Esse mecanismo possibilita ao enunciador afirmar determinados valores, eximindo-se
da responsabilidade do que está sendo dito. Dessa maneira, buscamos identificar os conteúdos
subjacentes ao que a crítica de arte diz sobre a obra da pintora Georgina de Albuquerque,
procurando desvelar os pressupostos e subentendidos, dois recursos utilizados para implicitar
conteúdos. Torna-se necessário, portanto, diferenciar essas variações que se encontram no
espaço do não-dito:
Esse conteúdo pressuposto é o fundo comum sobre o qual se assenta o texto e que não
pode ser negado, sob a pena de interrupção do discurso. O uso dos pressupostos é,
muito claramente, uma das táticas do enunciador para aprisionar o enunciatário num
dado universo de valores e para deles persuadi-lo. (...) A grande astúcia do
subentendido [é] fazer o enunciatário entender aquilo que o enunciador pretende dizer,
mas que, por razões, em geral sociais, não deve dizer. (BARROS, 1990, pp. 66-67)

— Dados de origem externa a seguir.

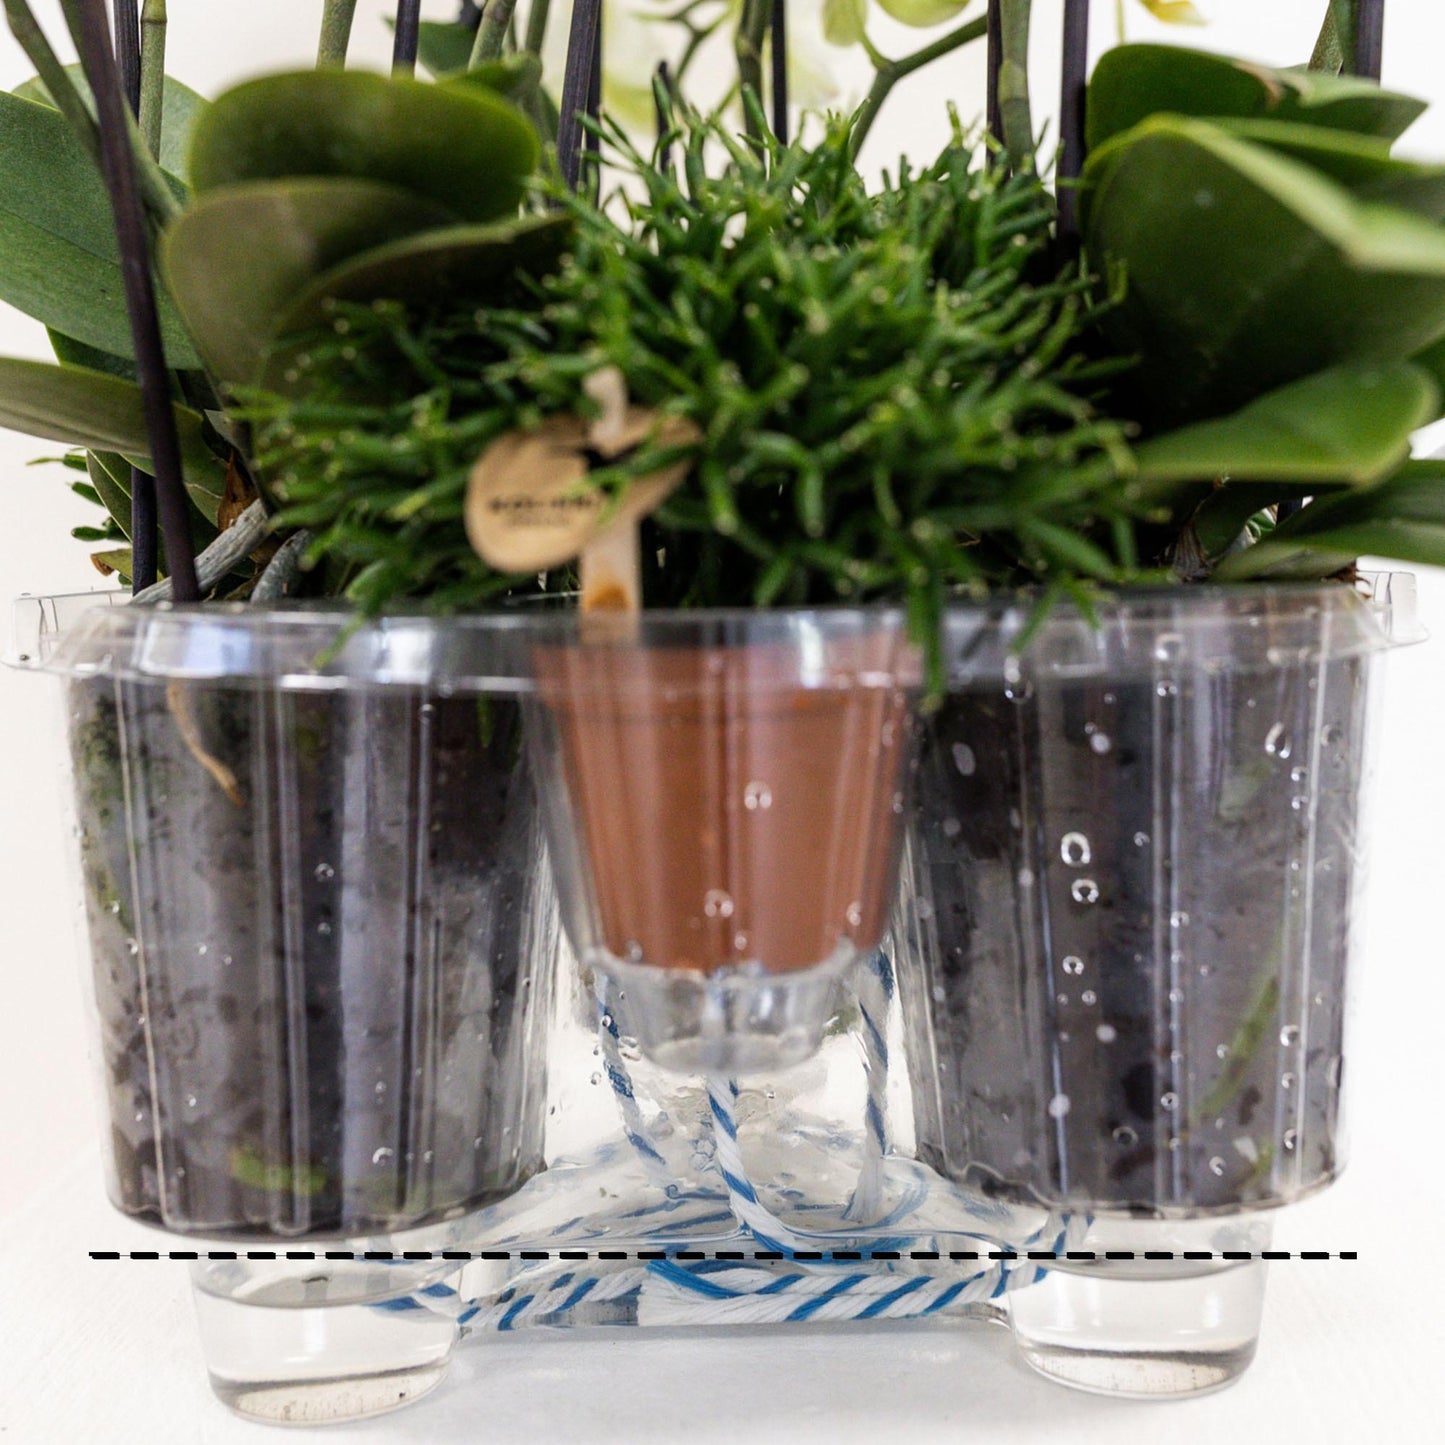 Kolibri Orchids | witte plantenset in Reed Basket incl. waterreservoir | drie witte orchideeën Amabilis 9cm en drie groene planten Rhipsalis | Jungle Bouquet wit met zelfvoorzienend waterreservoir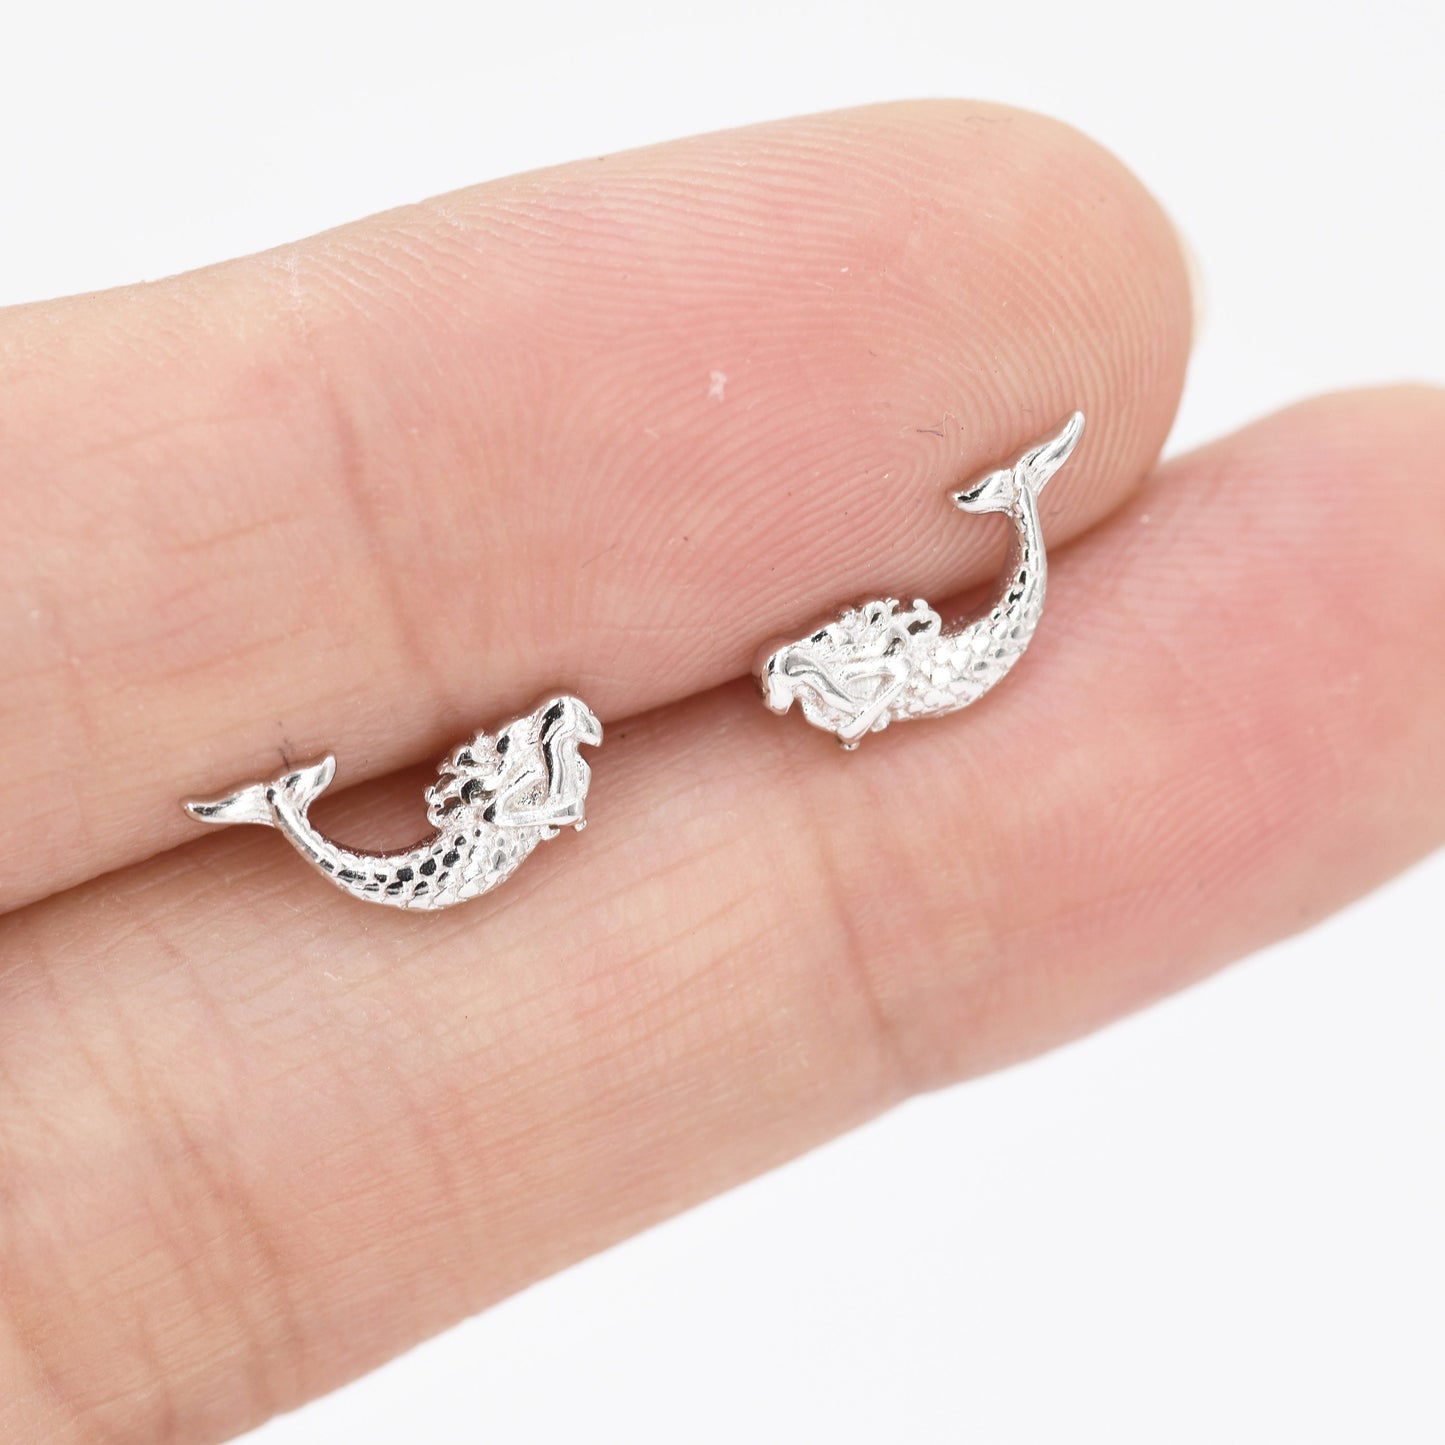 Mermaid Stud Earrings in Sterling Silver, Silver or Gold, Mermaid Fish Earrings, Fun and Dainty

Analisando os conteúdos que permeiam esse jogo entre dizer e ocultar, destacamos a
questão do silenciamento, ao qual Georgina aparece submetida nas críticas iniciais. O
silenciamento diferencia-se do implícito na medida em que este manifesta-se nas entrelinhas
do que é dito e silenciar consiste em deixar de dizer, seja para impedir o discurso do outro, seja
para excluir um acontecimento da ordem do discurso.
Silenciar significa excluir e a pintora sofre esse apagamento de maneiras diversas. E se
ao silenciar determinadas manifestações, determina-se o que deve ser apreciado, esse
silenciamento apresenta-se como forte mecanismo argumentativo.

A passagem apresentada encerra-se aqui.